Ultraviolet Light Causes Skin Cancer

The New England Journal of Medicine is arguably the premier medical journal in the world. Russ Hobbie is a regular reader, and he sometimes calls my attention to articles that are closely related to topics in the 4th edition of Intermediate Physics for Medicine and Biology. The September 2, 2010 issue of the NEJM contains the article “Indoor Tanning—Science, Behavior, and Policy” (Volume 363, Pages 901–903), by David Fisher and William James. The article begins

The concern arises from increases in the incidence of melanoma and its related mortality. In the United States, the incidence of melanoma is increasing more rapidly than that of any other cancer. From 1992 through 2004, there was a particularly alarming trend in new melanoma diagnoses among girls and women between the ages of 15 and 39. Data from the National Cancer Institute’s Surveillance, Epidemiology, and End Results Registry show an estimated annual increase of 2.7% in this group. Researchers suspect that the increase results at least partially from the expanded use of tanning beds.

Russ and I discuss ultraviolet light in Section 14.9 of Intermediate Physics for Medicine and Biology. In particular, Section 14.9.4 is titled Ultraviolet Light Causes Skin Cancer.

Chronic exposure to ultraviolet radiation causes premature aging of the skin. The skin becomes leathery and wrinkled and loses elasticity. The characteristics of photoaged skin are quite different from skin with normal aging [Kligman (1989)]. UVA radiation was once thought to be harmless. We now understand that UVA radiation contributes substantially to premature skin aging because it penetrates into the dermis. There has been at least one report of skin cancer associated with purely UVA radiation from a cosmetic tanning bed [Lever and Lawrence (1995)]. This can be understood in the context of studies showing that both UVA and UVB suppress the body’s immune system, and that this immunosuppression plays a major role in cancer caused by ultraviolet light [Kripke (2003); Moyal and Fourtanier (2002)]. There are three types of skin cancer. Basal-cell carcinoma (BCC) is most common, followed by squamous cell carcinoma (SCC). These are together called nonmelanoma or nonmelanocytic skin cancer (NMSC). Basal-cell carcinomas can be quite invasive (Fig. 16.44) but rarely metastasize or spread to distant organs. Squamous-cell carcinomas are more prone to metastasis.

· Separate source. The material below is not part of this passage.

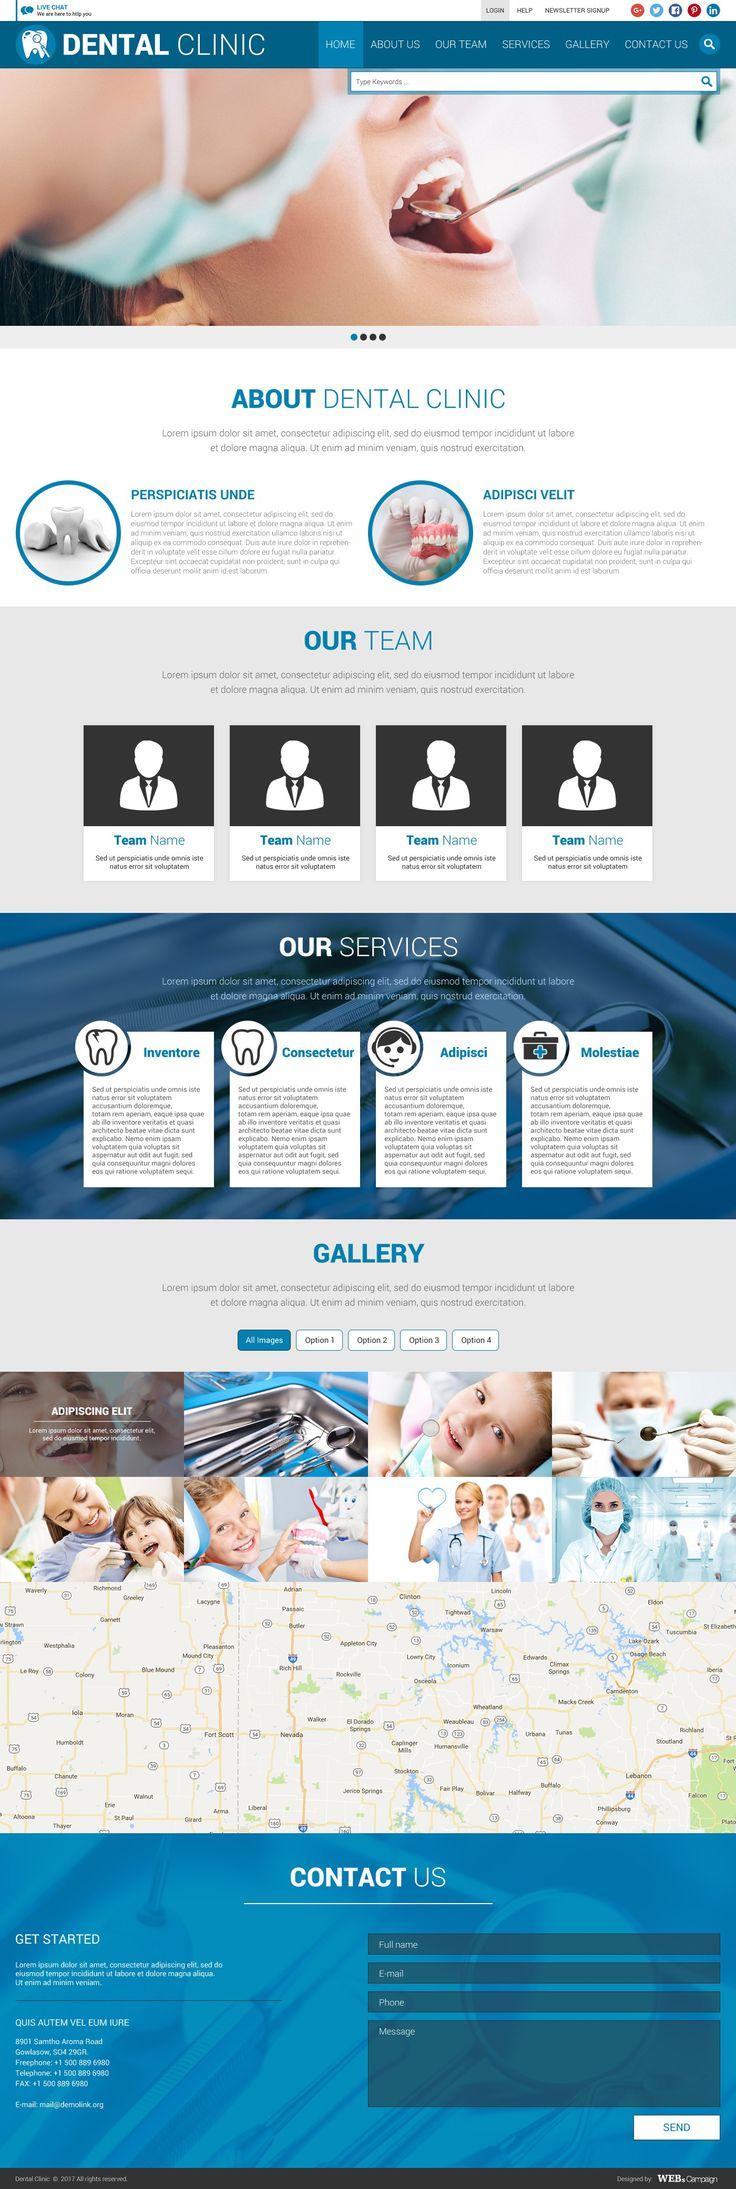 PSD Free Dental Clinic Web Template

Melanomas are much more aggressive and frequently metastasize.

The Skin Cancer Foundation advocates vigorously for the reduction of indoor tanning, and the American Association for Cancer Research has also spoken out against tanning beds. The problem seems to be growing.

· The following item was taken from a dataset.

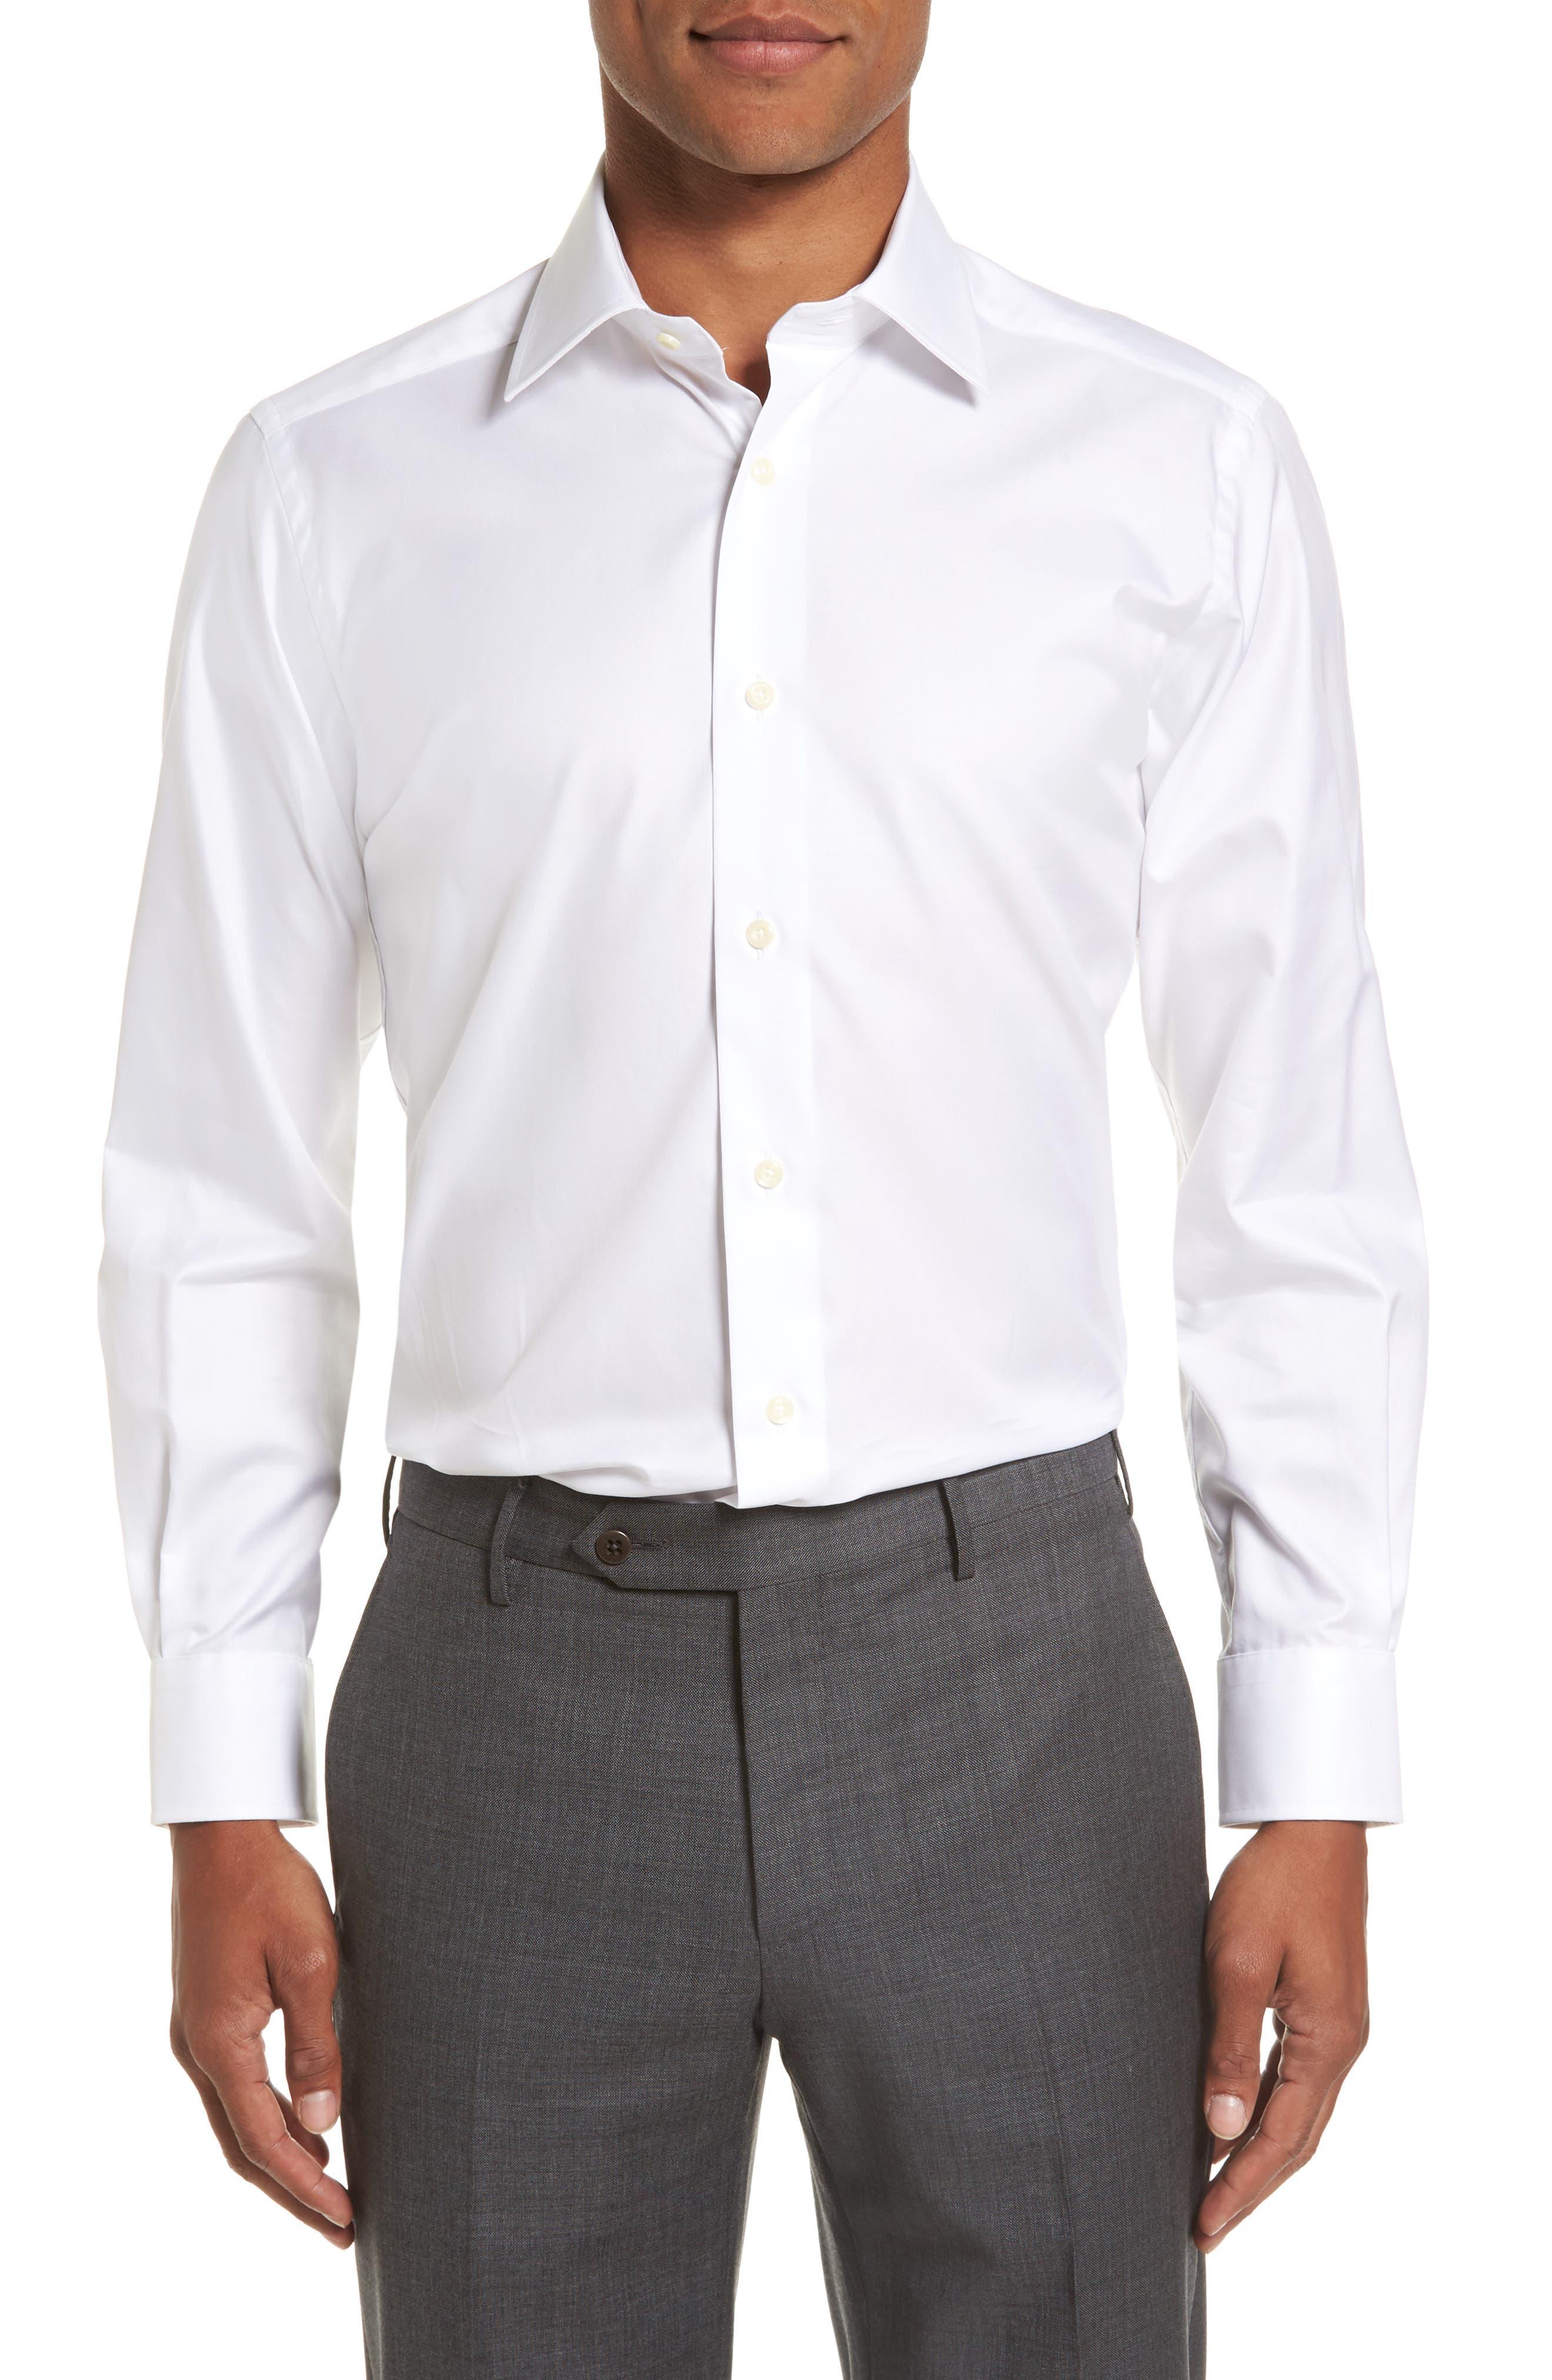 Alternate Image 2  - David Donahue Trim Fit Solid Dress Shirt

Fisher and James conclude their article

An estimated six of every seven melanomas are now being cured, thanks to early detection, but the U.S. Preventive Services Task Force does not recommend skin-cancer screening, since the evidence for its benefit has not been validated in large, prospective, randomized trials. Meanwhile, a number of promising new drugs for metastatic melanoma are progressing slowly through clinical trials to satisfy the FDA’s stringent safety and efficacy criteria—requirements that, remarkably, have not been applied to indoor tanning devices. Relatively few human cancers are tightly linked to a known environmental carcinogen. Given the mechanistic and epidemiologic data, we believe that regulation of this industry may offer one of the most profound cancer-prevention opportunities of our time.